Key words: High-strength steel, High-cycle fatigue, Critical inclusion size, Inclusion types, Tensile strength, Fracture toughness, Fatigue cracking criterion

Peng Wang, Peng Zhang, Bin Wang, Yankun Zhu, Zikuan Xu, Zhefeng Zhang. Fatigue cracking criterion of high-strength steels induced by inclusions under high-cycle fatigue[J]. J. Mater. Sci. Technol., 2023, 154: 114-128.

References

[1] M.F. Garwood, H.H. Zurburg, M.A. Erickson, M. Gensamer, J.T. Burwell, F.L.Laque, in: Interpretation of Tests and Correlation with Service, American Society for Metals, Cleveland, 1951, pp. 11-14.
[2] R. Liu, P. Zhang, Z.J. Zhang, B. Wang, Z.F. Zhang, J. Mater. Sci.Technol. 70(2021) 233-249.
[3] R. Liu, P. Zhang, Z.J. Zhang, B. Wang, Z.F. Zhang, J. Mater. Sci.Technol. 70(2021) 250-267.
[4] J.C. Pang, S.X. Li, Z.G. Wang, Z.F. Zhang, Fatigue Fract. Eng. Mater. Struct. 37(2014) 958-976.
[5] J.C. Pang, S.X. Li, Z.G. Wang, Z.F. Zhang, Mater. Sci. Eng. A 564 (2013) 331-341.
[6] C.W. Shao, X.Q. Zhang, S. Zhao, Y.K. Zhu, H.J. Yang, Y.Z. Tian, Z.J. Zhang, P. Zhang, X.H. An, Z.F. Zhang, Int. J. Plast. 159(2022) 103471.

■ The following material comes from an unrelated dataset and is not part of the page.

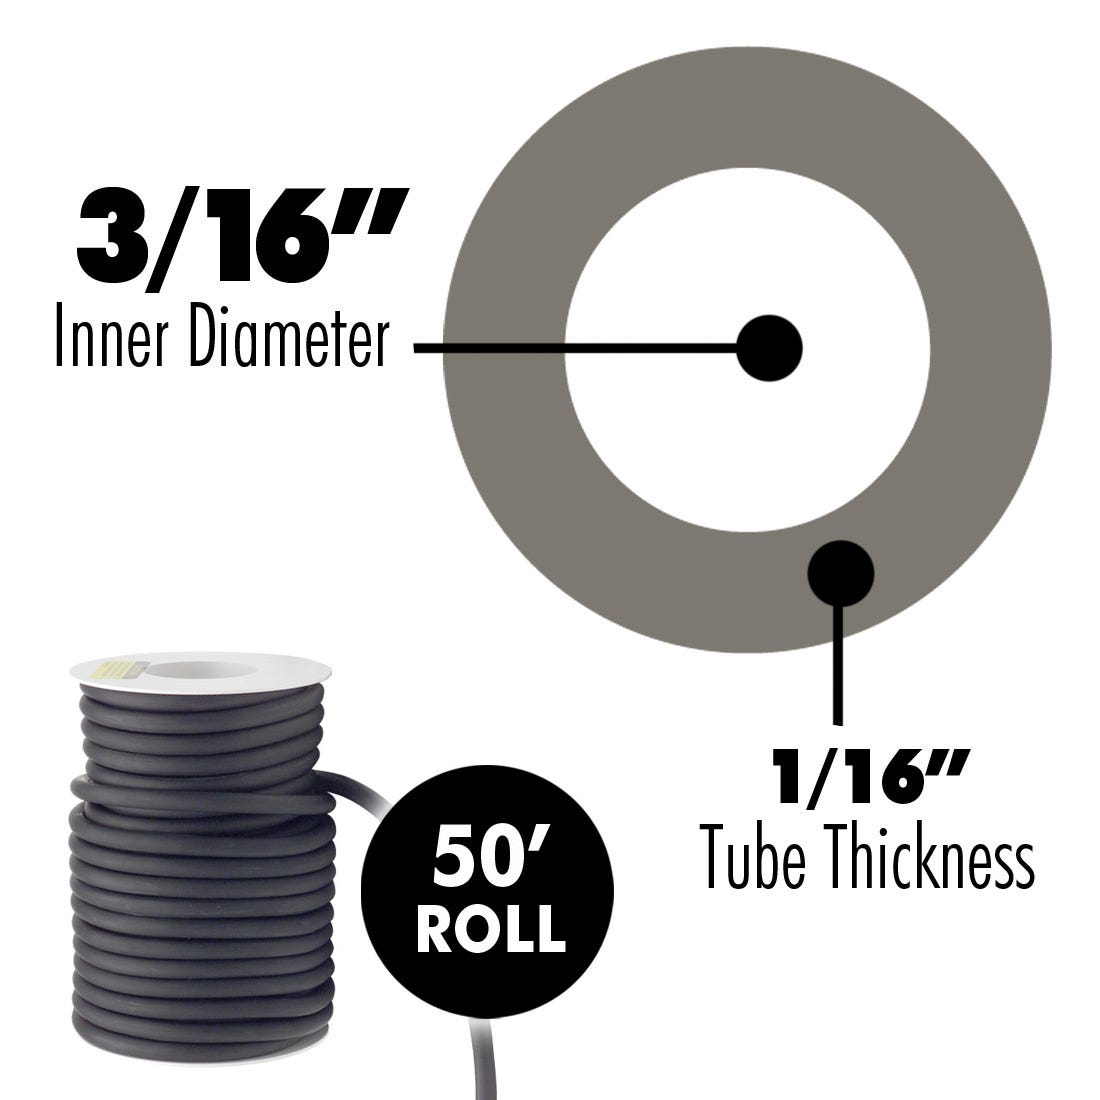 ACE Latex Rubber Tubing Black, 3/16" x 1/16"- 50' Roll

[7] R. Liu, Y.Z. Tian, Z.J. Zhang, P. Zhang, Z.F. Zhang, Mater. Sci. Eng. A 702 (2017) 259-264.
[8] R. Liu, Y.Z. Tian, Z.J. Zhang, P. Zhang, X.H. An, Z.F. Zhang, Acta Mater. 144(2018) 613-626.
[9] G. Qian, Y.F. Li, D.S. Paolino, A. Tridello, F. Berto, Y.S. Hong, Int. J. Fatigue 136 (2020) 105628.

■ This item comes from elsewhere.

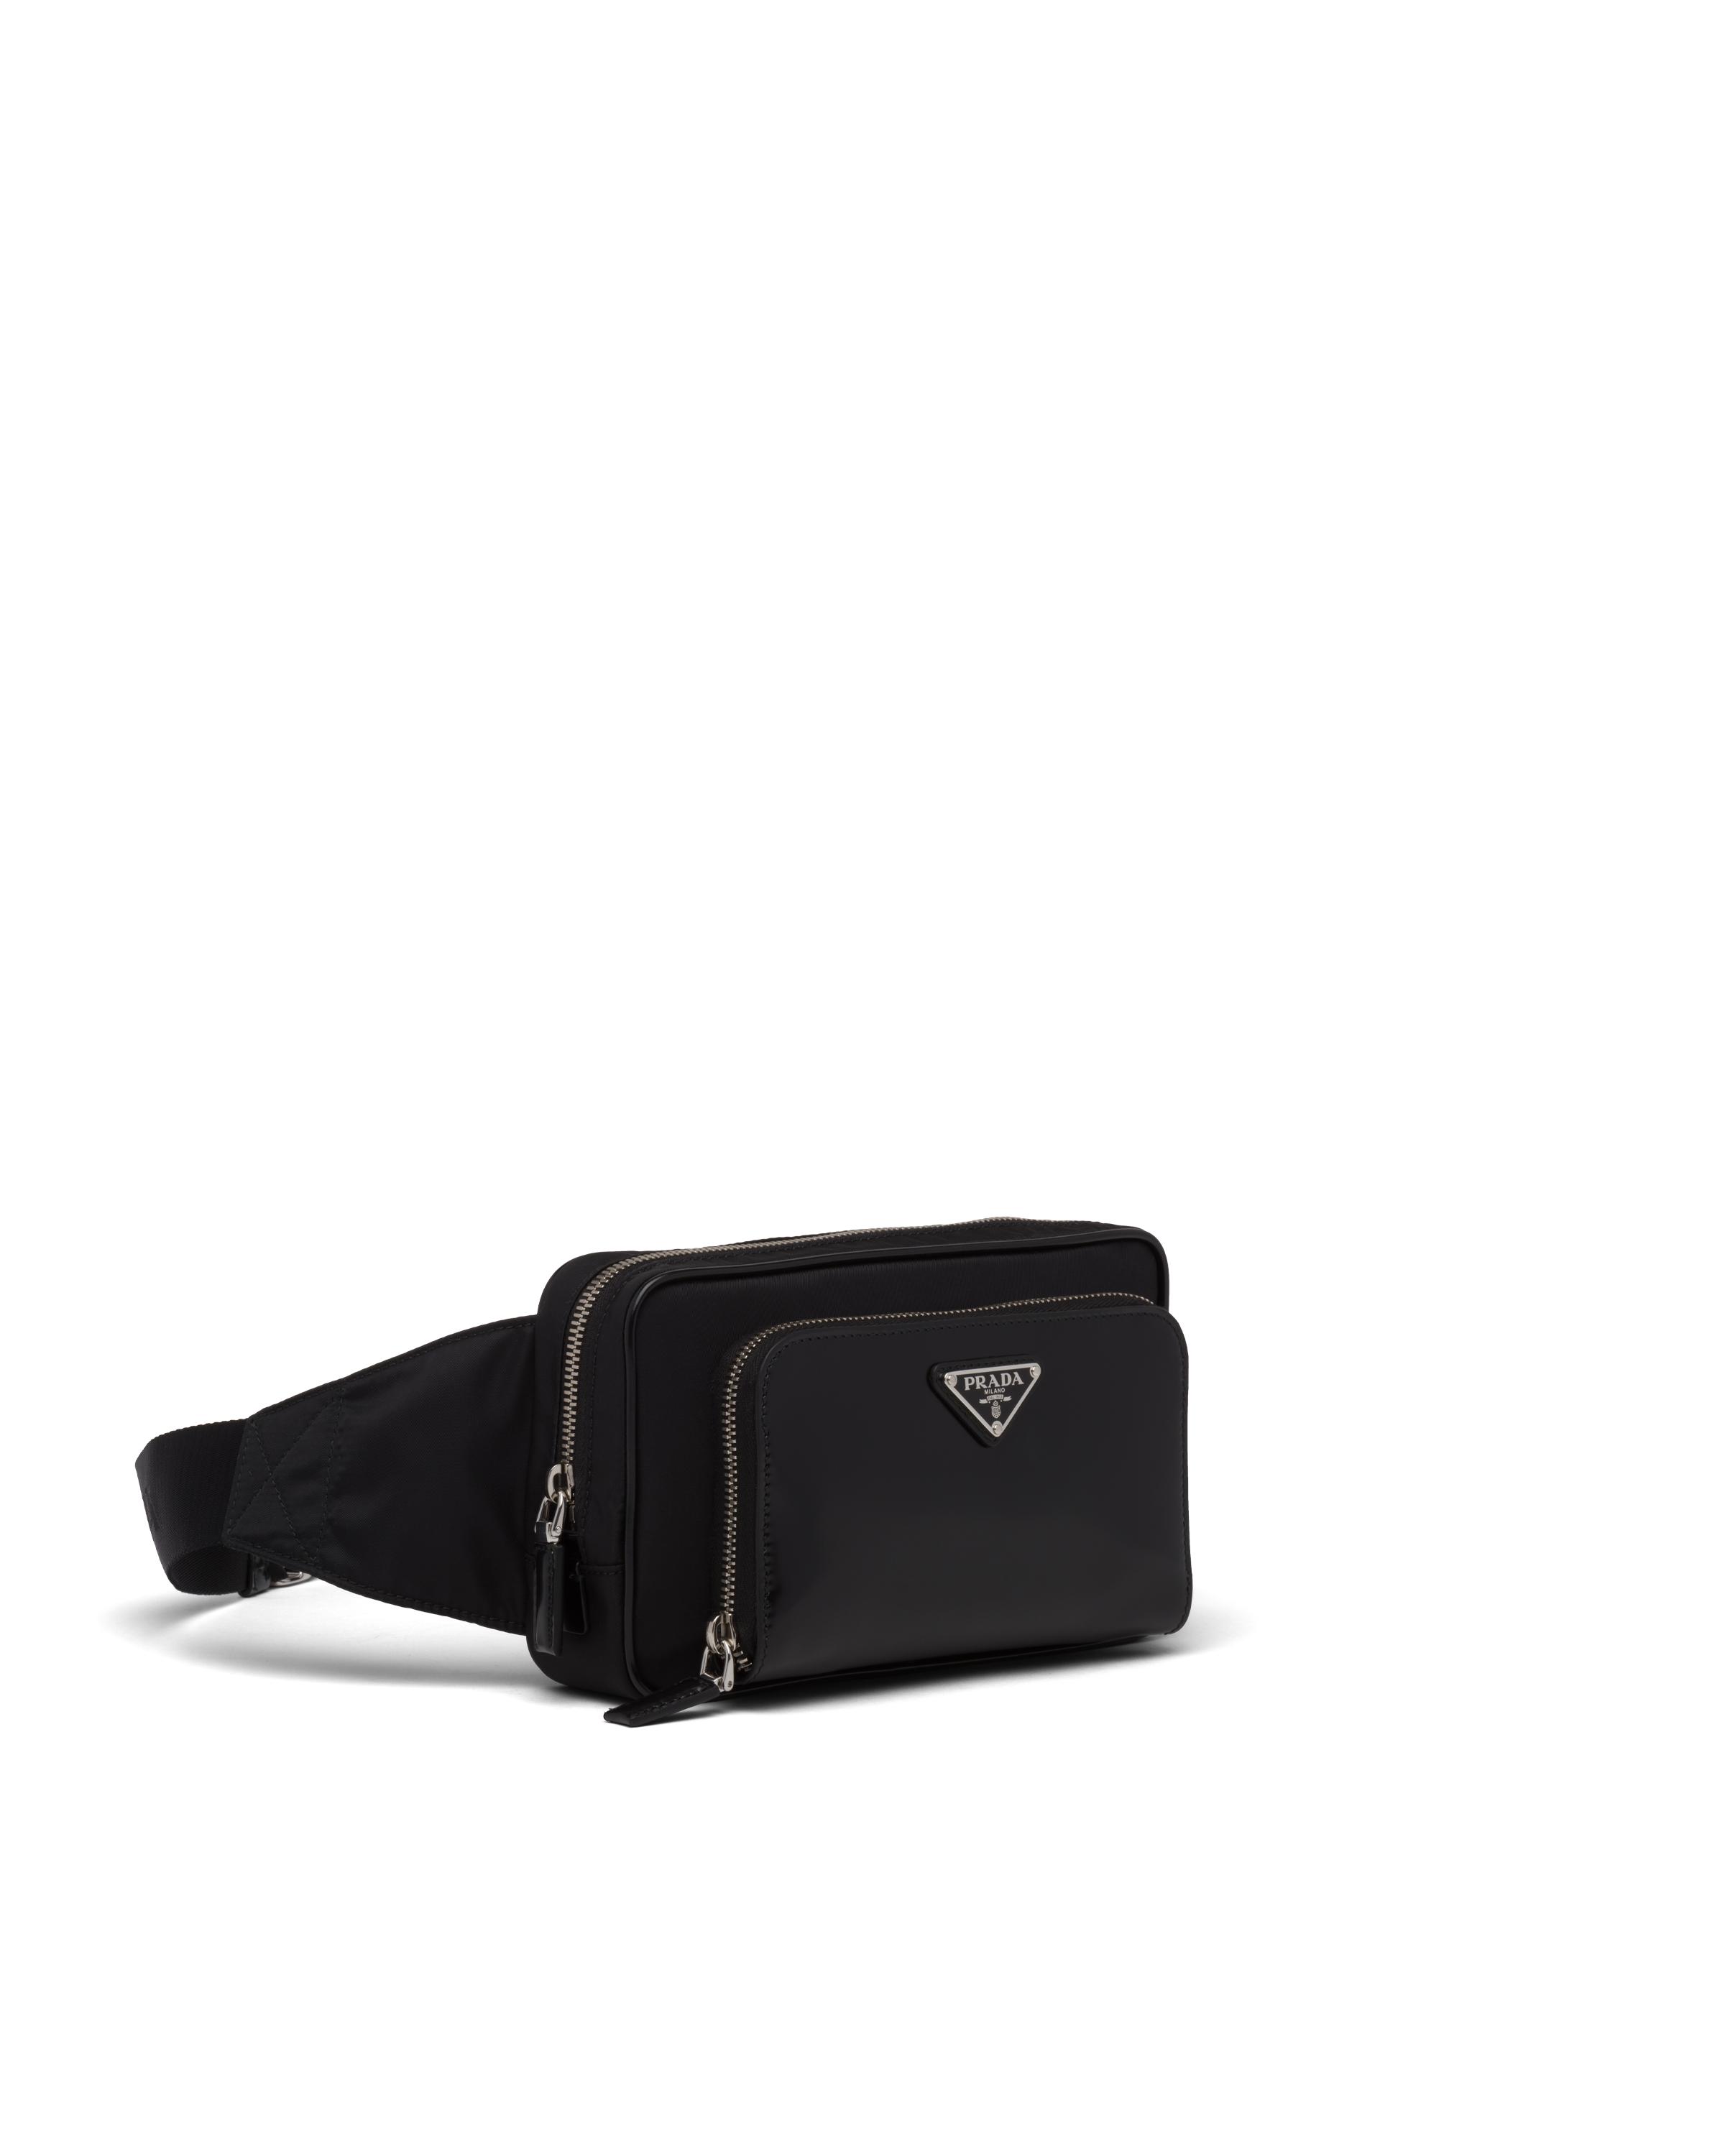 Prada Synthetic Re-nylon And Leather Belt Bag in Black for Men - Lyst

[10] Z.K. Xu, B. Wang, P. Zhang, Z.F. Zhang, Mater. Sci. Eng. A 807 (2021) 140844.
[11] M.D. Chapetti, T. Tagawa, T. Miyata, Mater. Sci. Eng. A 356 (2003) 236-244.
[12] Y. Murakami, N.N. Yokoyama, J. Nagata, Fatigue Fract. Eng. Mater. Struct. 25(2002) 735-746.
[13] G.A. Qian, C.E. Zhou, Y.S. Hong, Int. J. Fatigue 71 (2015) 35-44.
[14] C.Q. Sun, Z.Q. Lei, J.J. Xie, Y.S. Hong, Int. J. Fatigue 48 (2013) 19-27.
[15] B. Chen, J. Jiang, F.P.E.Dunne, Int. J. Plast. 101(2018) 213-229.
[16] P. Wang, B. Wang, Y. Liu, P. Zhang, Y.K. Luan, D.Z. Li, Z.F. Zhang, Scr. Mater. 206(2022) 114232.
[17] J. Lankford, Int. Mater. Rev. 22(1977) 221-228.
[18] J.M. Zhang, S.X. Li, Z.G. Yang, G.Y. Li, W.J. Hui, Y.Q. Weng, Int. J. Fatigue 29 (2007) 765-771.
[19] S. Loren, Int. J. Fatigue 25 (2003) 129-137.
[20] C.Y. Yang, Y.K. Luan, D.Z. Li, Y.Y. Li, J. Mater. Sci.Technol. 35(2019) 1298-1308.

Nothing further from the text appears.